Trichopolydesmidae Verhoeff, 1910

Family Trichopolydesmidae Verhoeff, 1910

Diagnosis.

Body polydesmoid, only exceptionally paraterga deeply lobulate laterally. Sphaerotrichomes only rarely present. Antennomere 5 sometimes devoid of sensilla distodorsally. Sphaerotrichomes only sometimes present.

Gonopod aperture large, transversely oval, with exposed to deeply sunken gonocoxae. Gonocoxae subglobose, usually with normal, tube-shaped cannulae, from small to rather large while telopodites from strongly exposed to concealed inside a considerable central gonocoel; prefemoral portion tends to be orientated transversely to main body axis, only occasionally somewhat to clearly shortened and thus resembling the condition observed in Polydesmoidea ; acropodite tri-, bi- or uniramous, usually directed cephalad or cephalomesad; solenomere mostly evident, simple, only seldom a short tooth, more often long, distal in location, either stout or slender/flagelliform. Normally neither an accessory seminal chamber nor a hairy pulvillus, only exceptionally with a primordial accessory seminal chamber. Caucasodesmus Golovatch, 1985 (Caucasus and Crimea) is aberrant in having no sensilla on antennomeres 5 and no cannulae or seminal grooves.

Type genus: Trichopolydesmus Verhoeff, 1898.

Remarks.

The family Mastigonodesmidae Attems, 1914, based on Mastigonodesmus Silvestri, 1898 (ca 8 eight species in the western Mediterranean), is sometimes regarded as a synonym of Polydesmidae Leach, 1815 ( Hoffman 1980, Simonsen 1990), apparently because the gonopod prefemoral part is shortened, but, due to globose gonocoxae and a peculiar, parabasal, long and coiled solenomere, it seems to be far more similar to that in trichopolydesmoids. The Mastigonodesmidae seems to also contain the monobasic genus Ingurtidorgius , which is sometimes treated as a subfamily of its own, because its male shows a peculiar hook on the mentum and totally suppressed lamellae linguales, coupled with a non-coiled, but flagelliform solenomere. Since the latter character is shared with Trichopolydesmus , contrary to some recent opinions ( Mauriès 1983, Golovatch 2011), it seems best to also merge Mastigonodesmidae with Trichopolydesmidae , syn. n.
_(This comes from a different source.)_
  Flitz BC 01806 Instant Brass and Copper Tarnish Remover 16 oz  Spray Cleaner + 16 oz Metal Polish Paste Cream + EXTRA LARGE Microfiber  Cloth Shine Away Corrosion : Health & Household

The same applies to the family Macrosternodesmidae , which basically fails to differ from Trichopolydesmidae , but simply tends to encompass quite a few genera with small to medium-sized, invariably globose gonocoxae and strongly exposed, often complex telopodites. Since the purely Nearctic nominate family Nearctodesmidae shares the gonopod conformation with Macrosternodesmidae , and it has sometimes been treated as only a subfamily or even a possible synonym of the latter family, I am inclined to treat these two latter families as synonyms of Trichopolydesmidae as well,syn. n.

Shelley (1994) gave a detailed morphological description of nearctodesmids and revived their family status, contrary to Hoffman (1982) who had synonymized the Nearctodesmidae with Macrosternodesmidae . Later, however, apparently following Shelley (1994), Hoffman (1999) also considered the Nearctodesmidae as a distinct family.
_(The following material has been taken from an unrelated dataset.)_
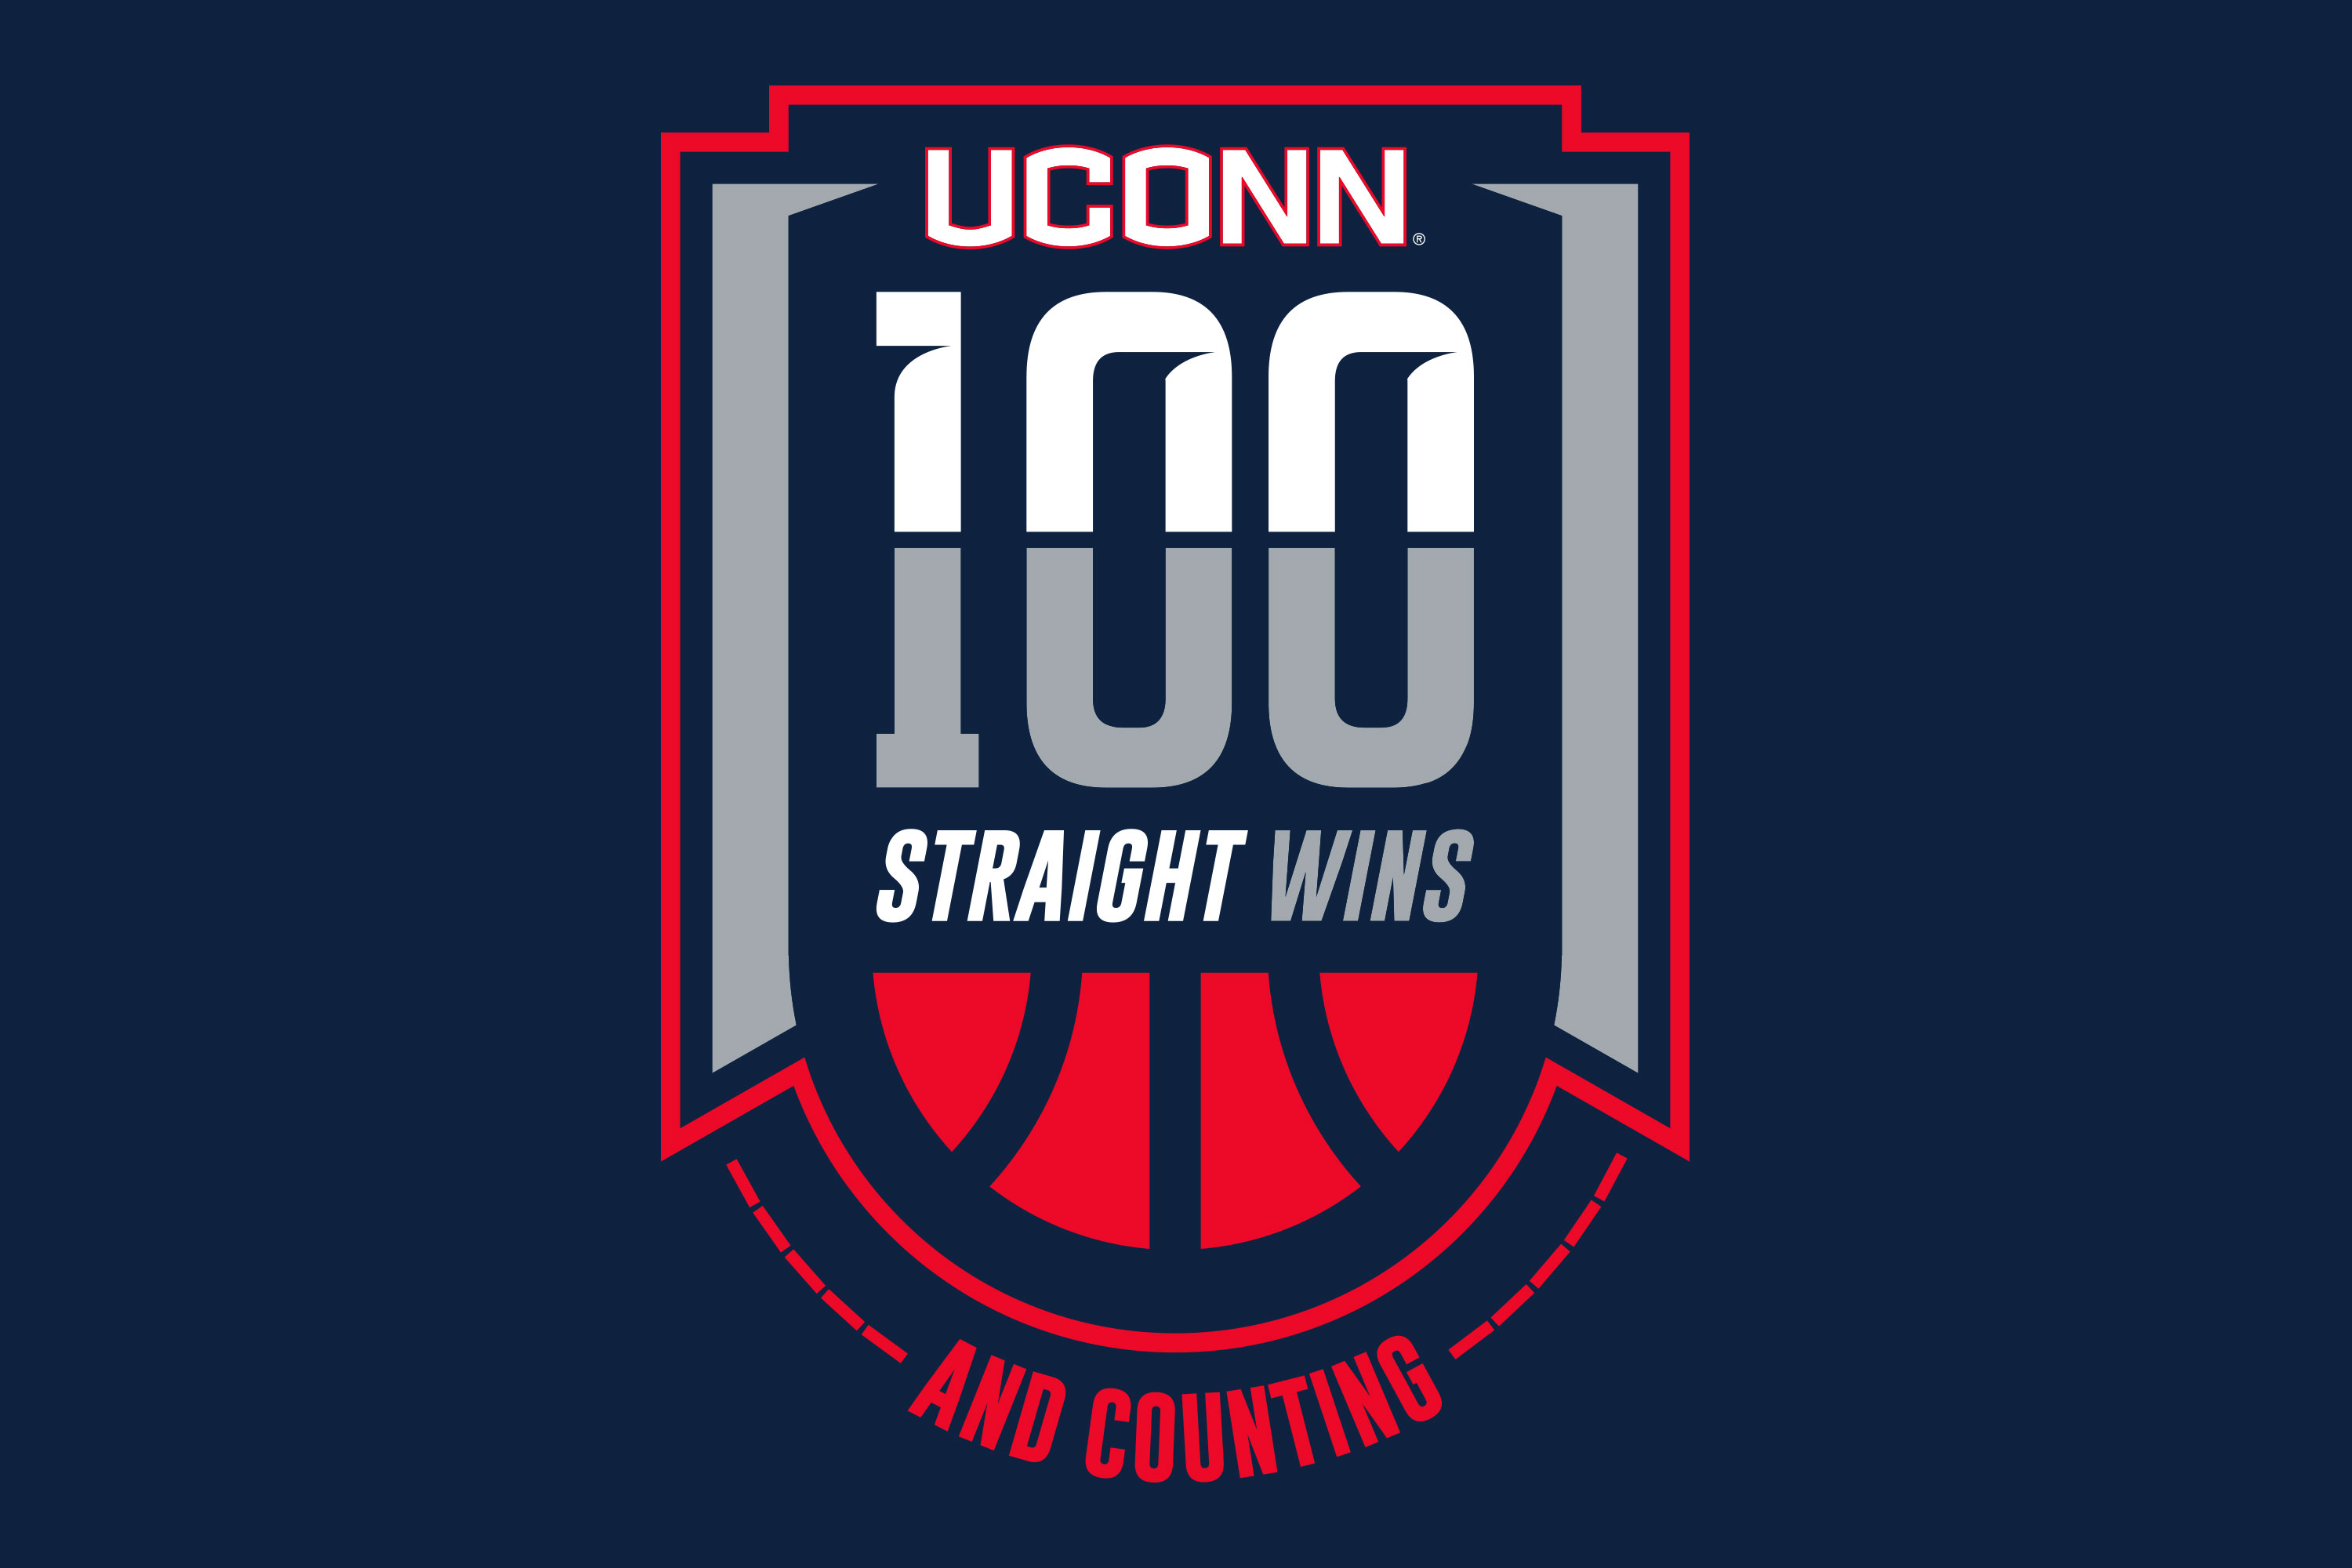 UConn 100 straight wins and counting graphic

The diversity of gonopod structural plans in nearctodesmids+macrosternodesmids ( Shelley 1994, Shear and Shelley 2007) appears to be quite modest and uniform, since all of their constituent genera such as Nearctodesmus Silvestri, 1910, Kepolydesmus Chamberlin, 1910, Bistolodesmus Shelley, 1994, Tidesmus Chamberlin, 1943 etc. show clearly transverse and elongated prefemoral portions which are set subrectangular to the subparallel, usually bi- or triramous, elaborate, normally clearly curved and well exposed acropodites. The gonocoel if any is moderate at most. According to Shear and Shelley (2007), the differences between these “families” lie only in the number and location of branches on the acropodite, a distinction that by far fails to exceed the diversity of gonopod plans observed among the South American fuhrmannodesmids alone ( Golovatch 1994).

Contents and distribution.

Thus refined, the Trichopolydesmidae currently contains ca 20 genera and about 60 species in the Holarctic, as well as ca 55 genera and about 80 species in the tropics.